Exercise :: Your reply should be the whole listing, copied exactly, with the pictures left out.

Input data ::
⟨

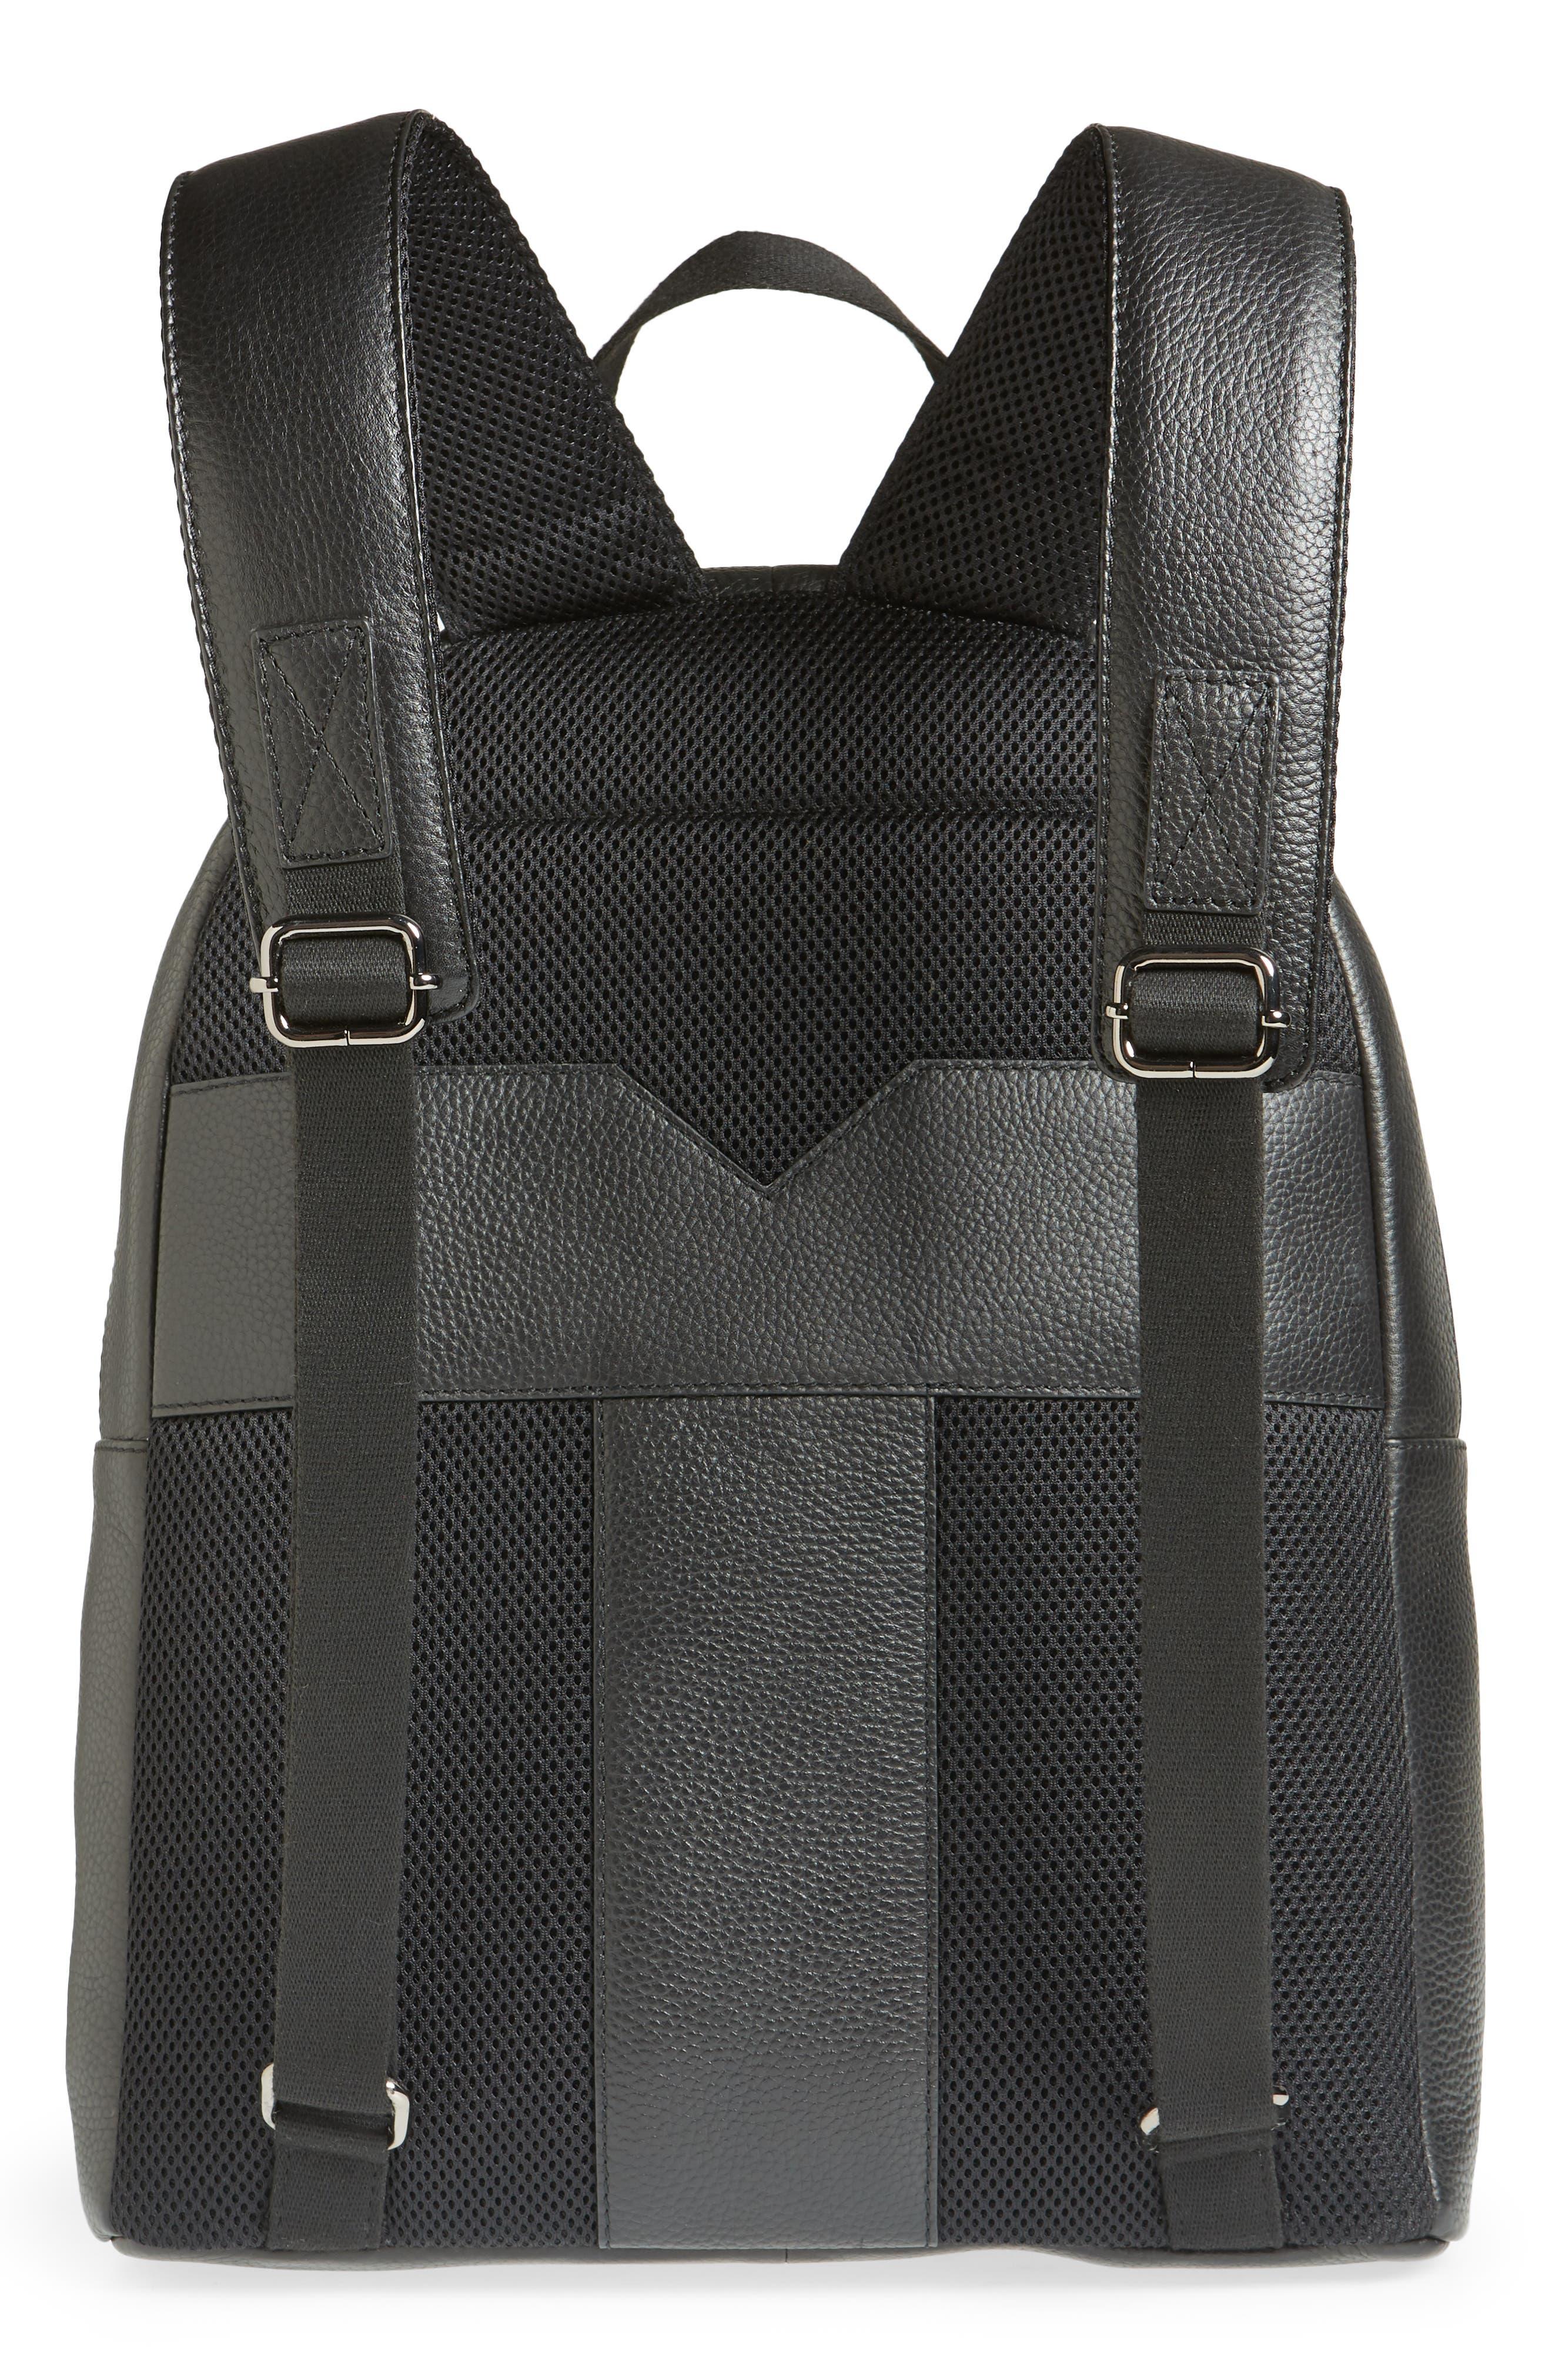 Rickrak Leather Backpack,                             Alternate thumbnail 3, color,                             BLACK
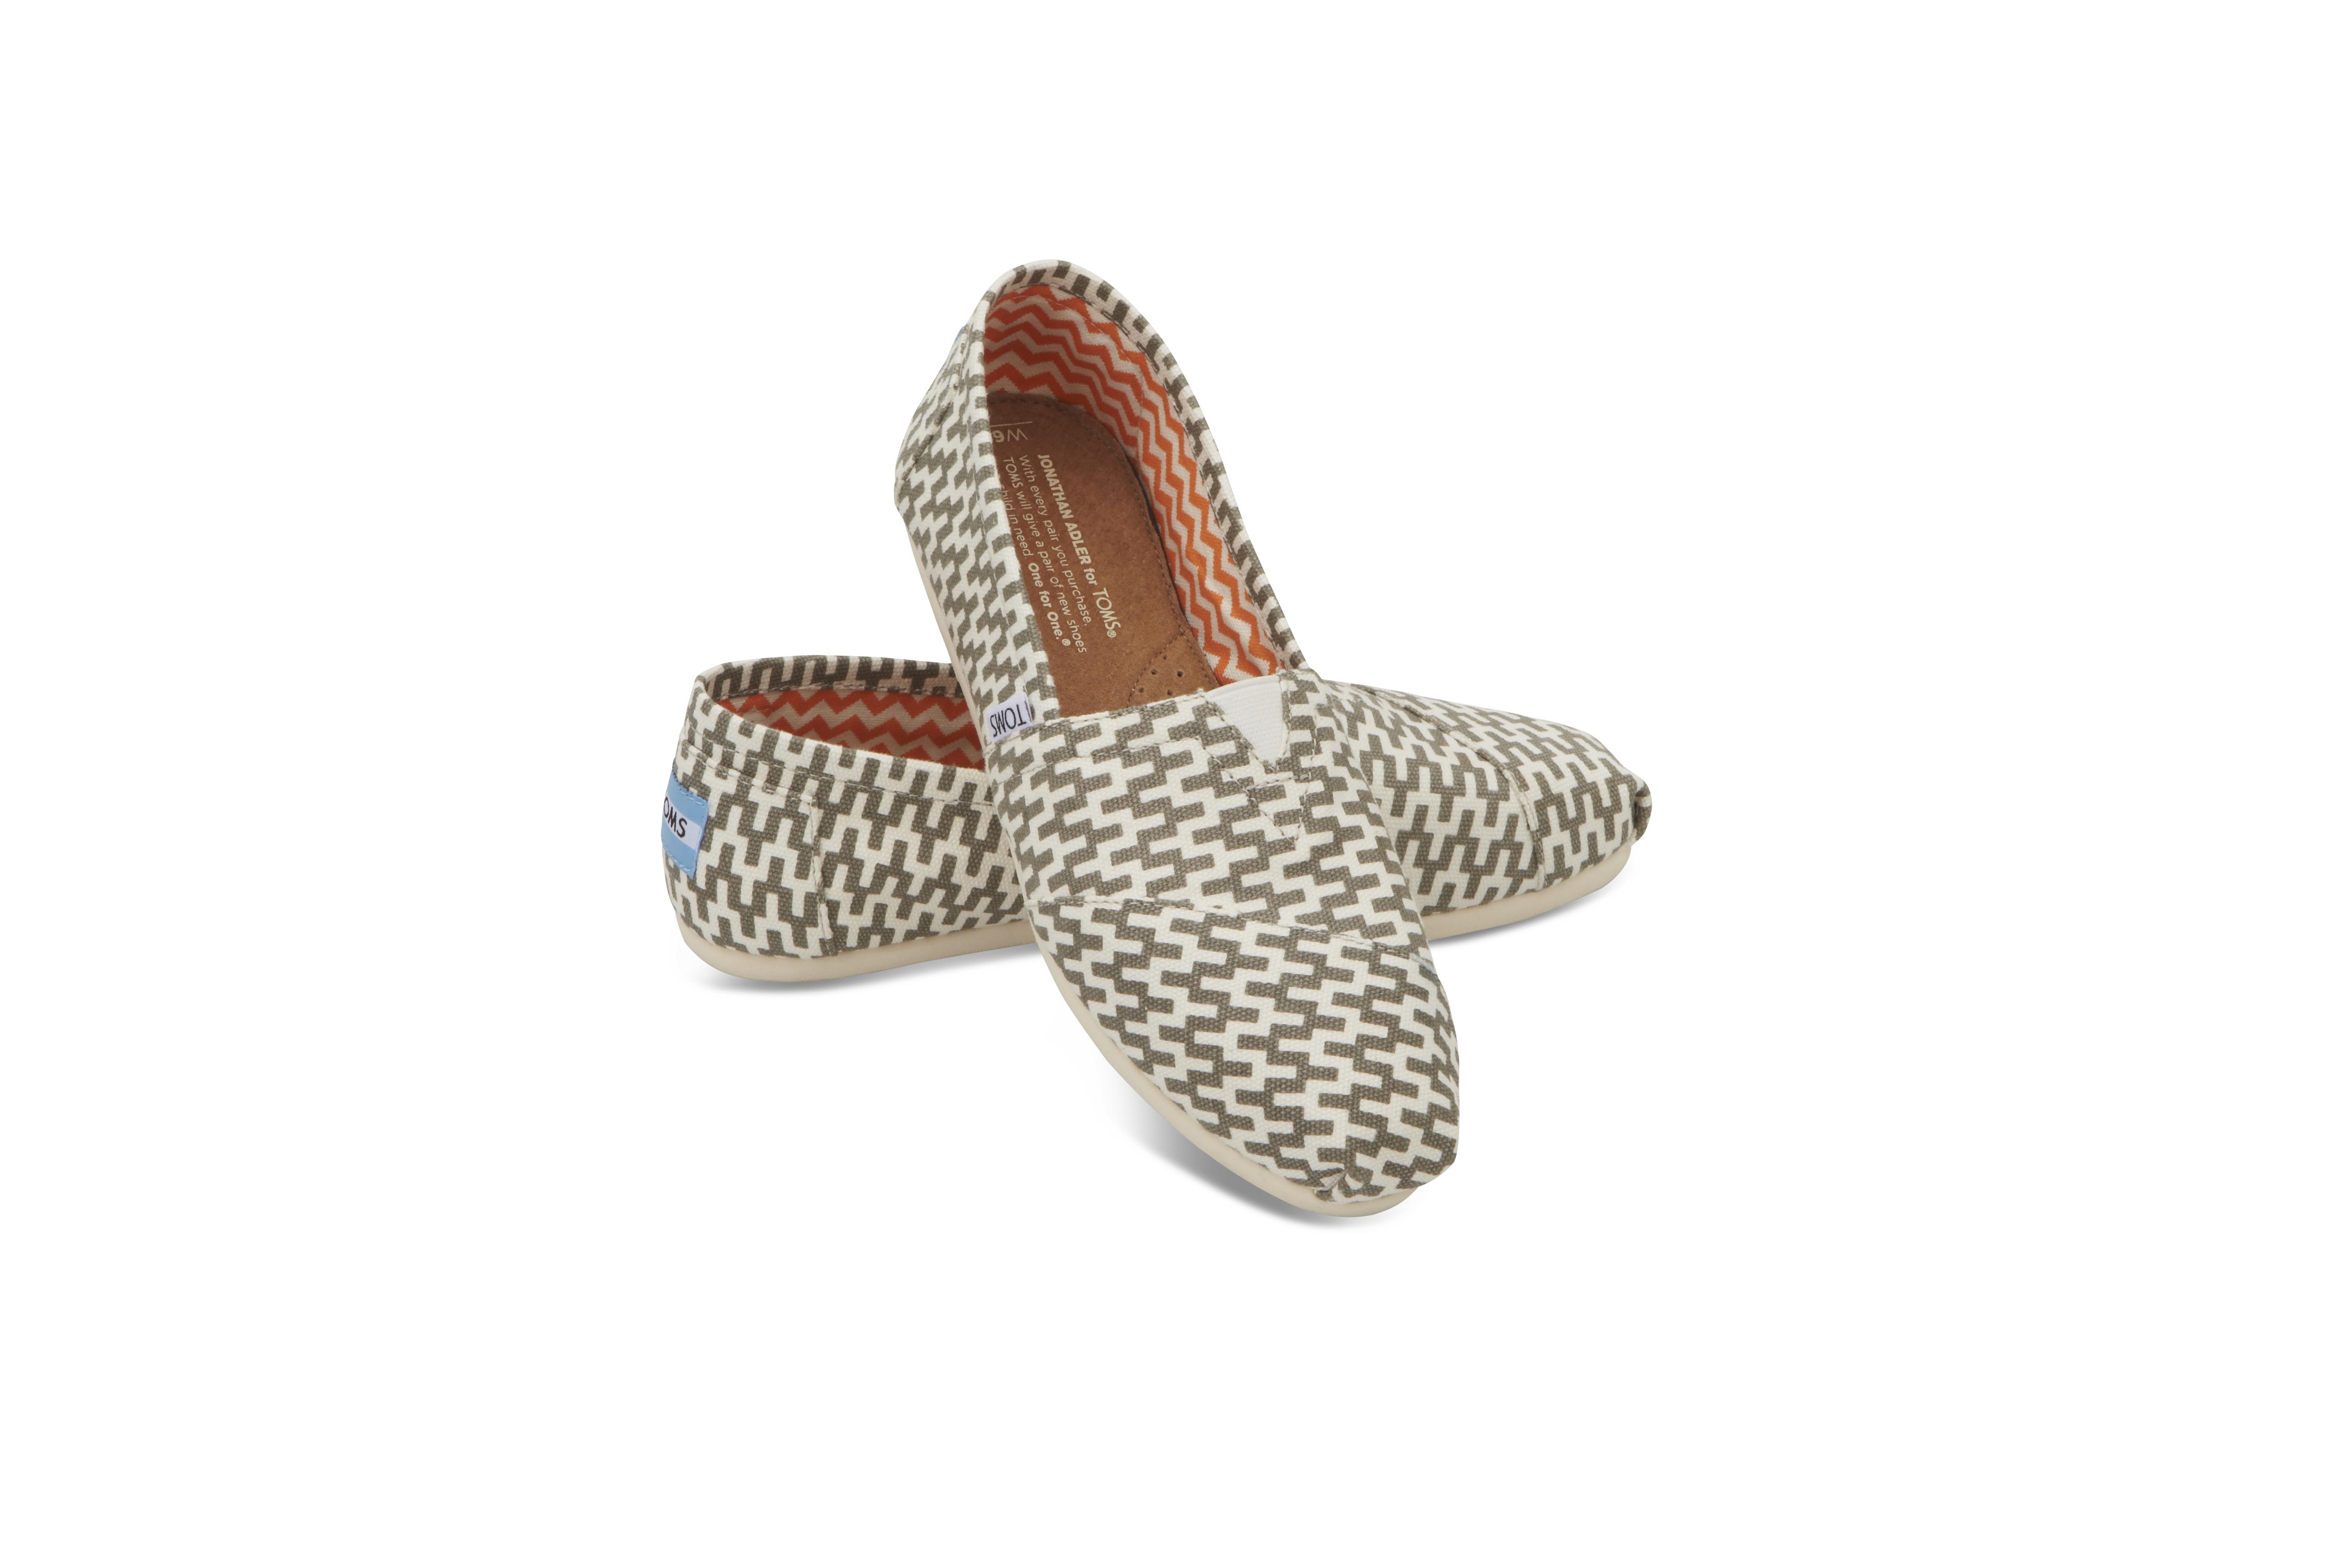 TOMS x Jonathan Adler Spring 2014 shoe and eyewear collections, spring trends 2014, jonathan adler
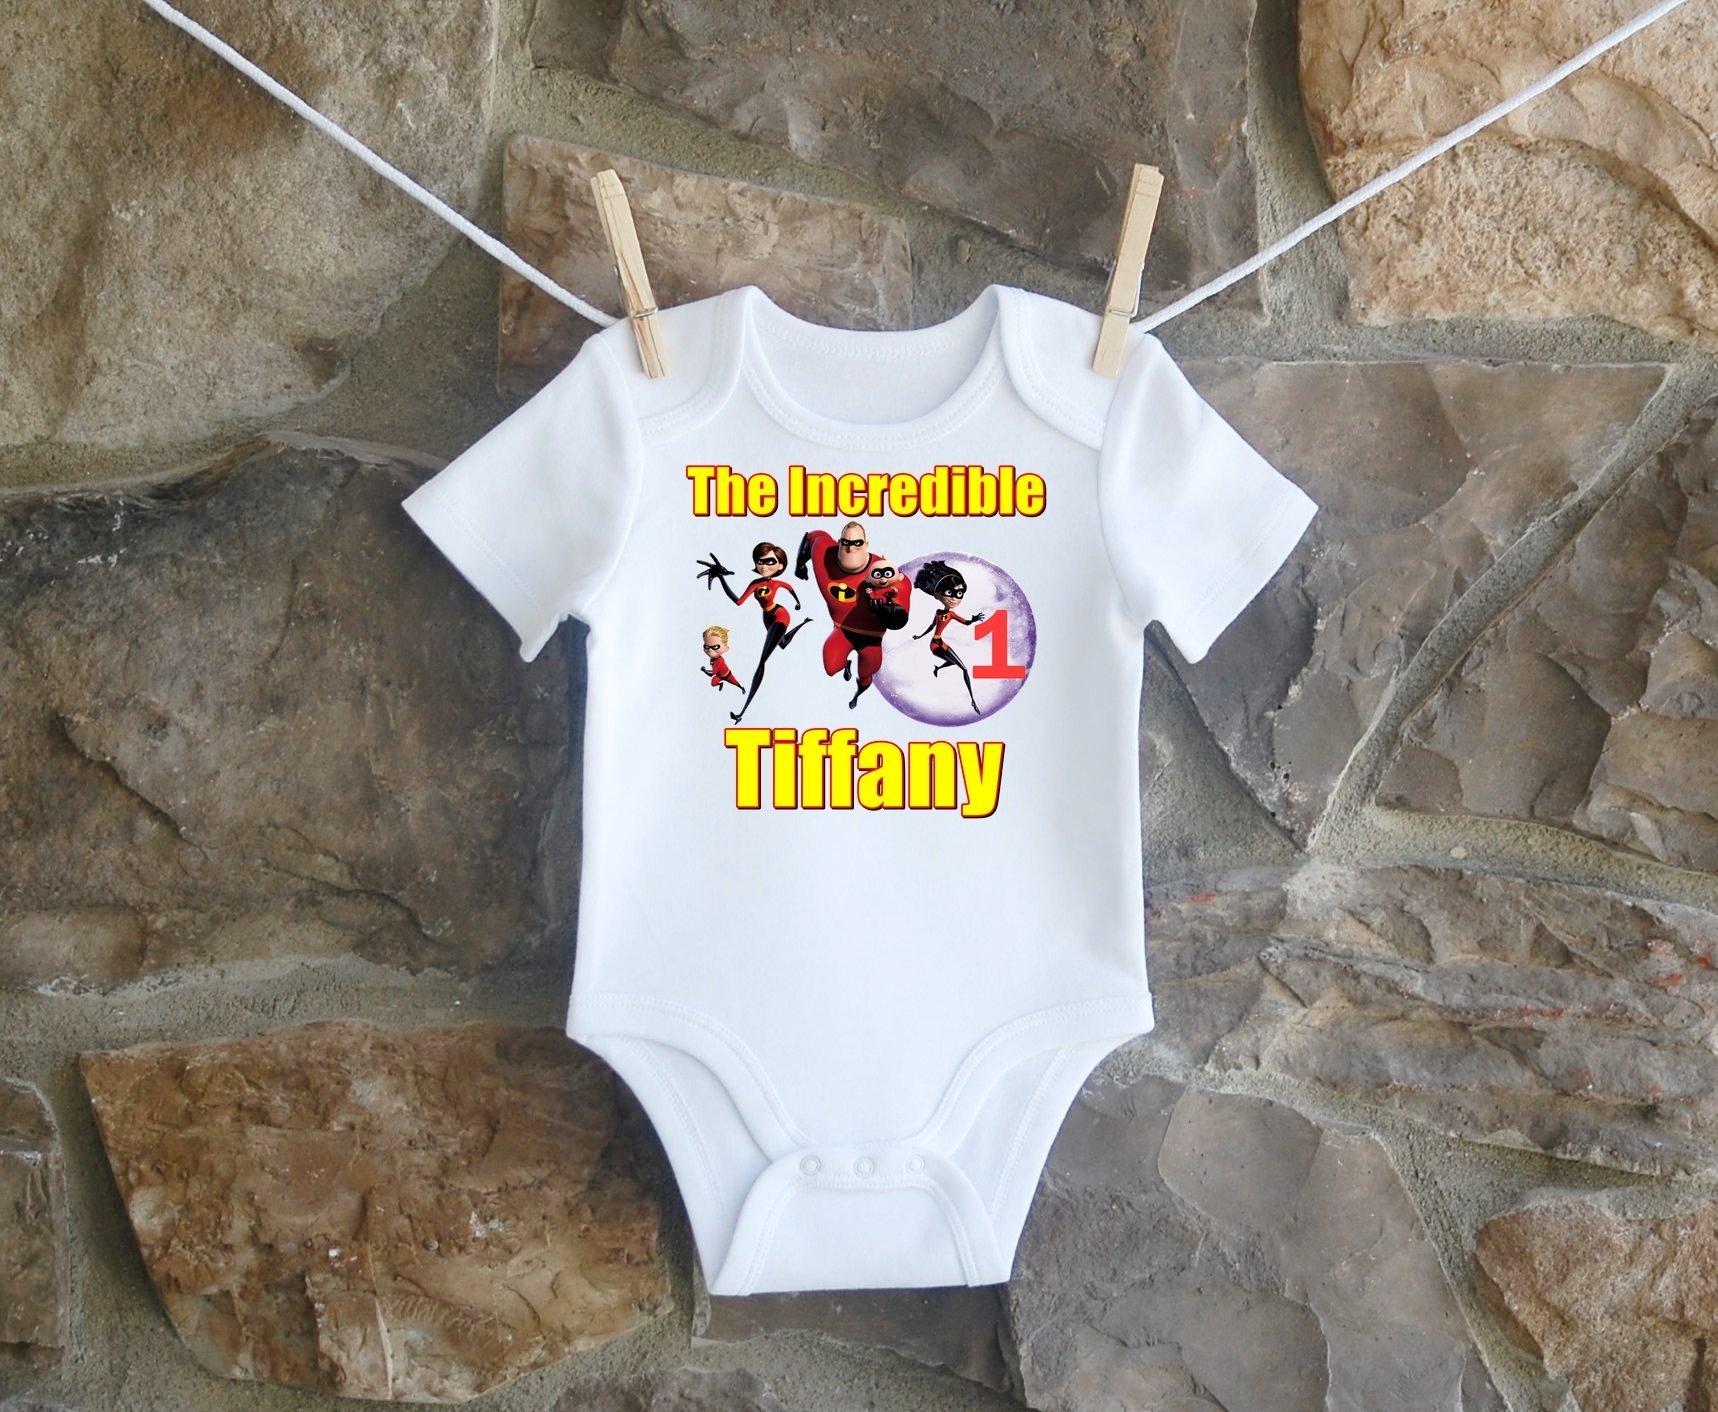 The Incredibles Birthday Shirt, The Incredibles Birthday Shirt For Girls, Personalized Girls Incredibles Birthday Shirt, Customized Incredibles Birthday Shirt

⟩

Task response ::
 Rickrak Leather Backpack,                             Alternate thumbnail 3, color,                             BLACK
 TOMS x Jonathan Adler Spring 2014 shoe and eyewear collections, spring trends 2014, jonathan adler
 The Incredibles Birthday Shirt, The Incredibles Birthday Shirt For Girls, Personalized Girls Incredibles Birthday Shirt, Customized Incredibles Birthday Shirt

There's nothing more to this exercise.